Salvador II, Modelli ME, Pereira CR.

Unidade de Cirurgia Pediatrica, Hospital de Base do DF, Brasilia.

Among Gastrointestinal Duplications, colonic duplications are the less common. The case presented here consist of a duplication of the transverse colon, difficult to diagnose, which had abdominal distension as the main symptom. A 4-year-old child was referred to the Unity of Pediatric Surgery, Hospital de Base, Brasilia, DF with a history of progressive abdominal distension. Plain X-Rays of the abdomen demonstrated a large fecaloma, which demanded removal. A Barium Enema was done suggesting Congenital Megacolon. A rectal biopsy was performed under general anesthesia, demonstrating normal ganglion cells. Medical treatment was instituted for chronic constipation in the Pediatric Gastroenterology clinic. The patient returned three months later with the same complaints. A new rectal biopsy was done; normal ganglion cells were described, ruling out Hirschsprung's disease. The parents were told to insist on the medical treatment diets. Four years later the patient was seen in the Emergency Room with signs and symptoms of low intestinal obstruction. Exploratory Laparotomy was undertaken as an emergency and the findings were complete volvulus of the large bowel involving the transverse colon up to the splenic flexure, demonstrating a large duplication of the transverse colon. A resection of the duplication and end-to-end colonic anastomosis was performed with an uneventful postoperative care. Discharged on excellent conditions.

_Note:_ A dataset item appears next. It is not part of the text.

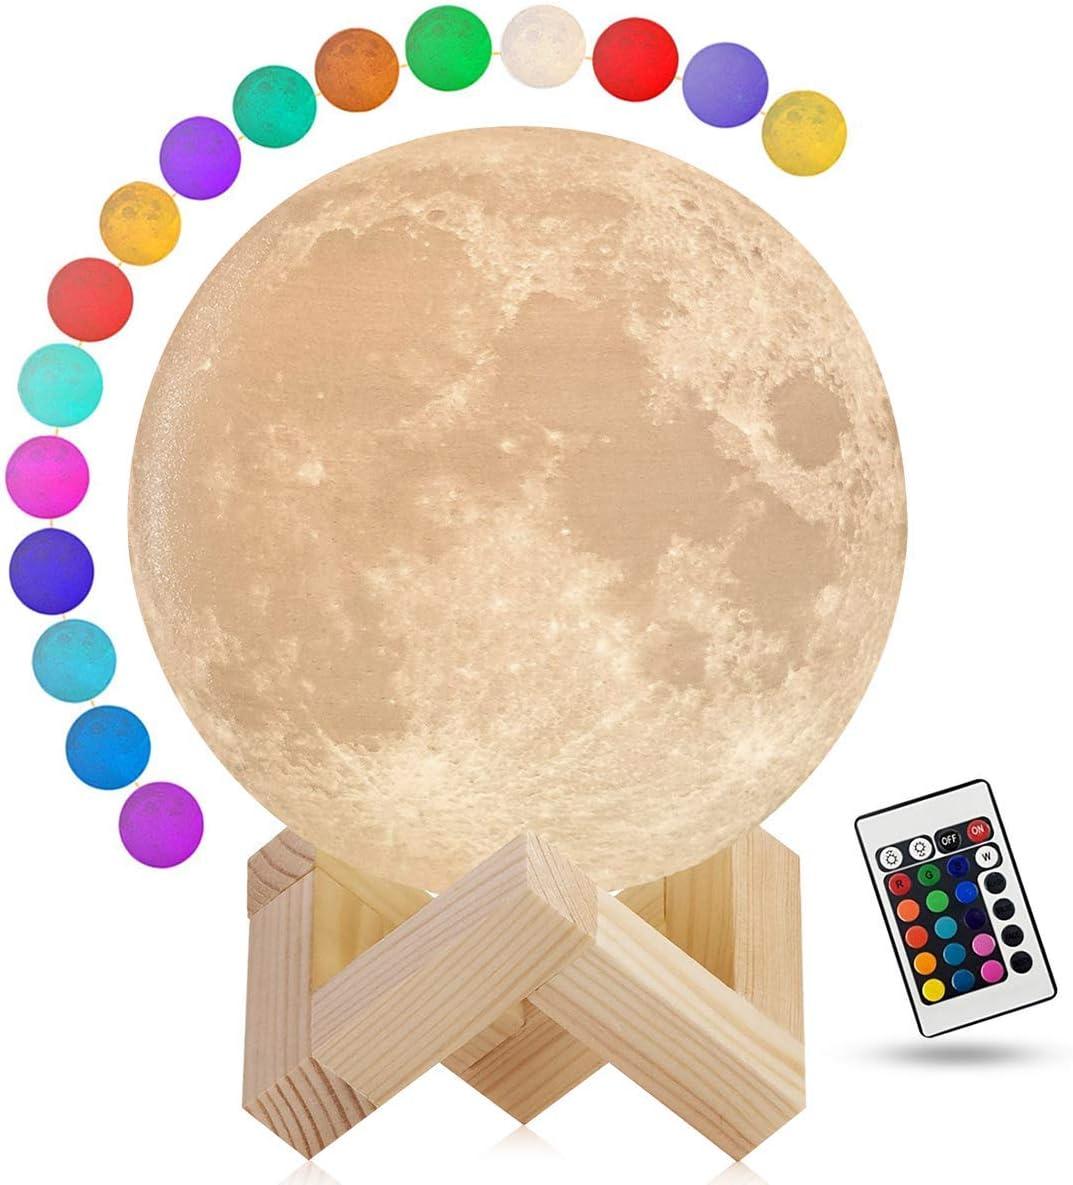 Gahaya Seamless Moon Lamp

online pharmacy ref. source: www.ncbi.nlm.nih.gov/entrez/query.fcgi?cmd=Retrieve&db=PubMed&list_uids=14688938&dopt=Abstract [PubMed]

temp/constipation-1.matches:chuv.hospvd.ch

Intestinal neuronal dysplasia is a controversial form of dysganglionosis that has been described both as an isolated disorder and in association with Hirschsprung's disease. It has been blamed for the bad outcome of bowel function in patients operated on for Hirschsprung's disease. According to various authors, intestinal neuronal dysplasia could be a primary disorder or secondary to other diseases of the bowel. The aim of this study was to assess the plasticity of the enteric nervous system in patients with Hirschsprung's disease-associated intestinal neuronal dysplasia and its ability to evolve spontaneously to normal innervation patterns. Since we prospectively introduced the assessment of the enteric nervous system of the ganglionated bowel in patients operated on for Hirschsprung's disease, 31 patients have been operated on for Hirschsprung's disease in our institution between 1995 and 2002. Among these patients, nine suffered postoperatively from severe constipation and five from bouts of entocolitis. IND was found in eight of them. We studied the evolution of the innervation in three of these patients by repeated serial full-thickness biopsies of the colon. All three patients underwent a colostomy before or after the pull-through procedure. Histopathological assessment of the enteric nervous system was made with conventional acetylcholinesterase histochemistry, rapid acetylcholinesterase histochemistry and immunohistochemistry for the Protein Gene Product 9.5 and the antigen CD56. This evolution was compared with the clinical outcome of bowel function. In our three patients with Hirschsprung's disease-associated intestinal neuronal

temp/constipation-1.matches:

J Pediatr Surg. 2004 Jan;39(1):73-7.
Is there a role for surgery beyond colonic aganglionosis and anorectal malformations in children with intractable constipation?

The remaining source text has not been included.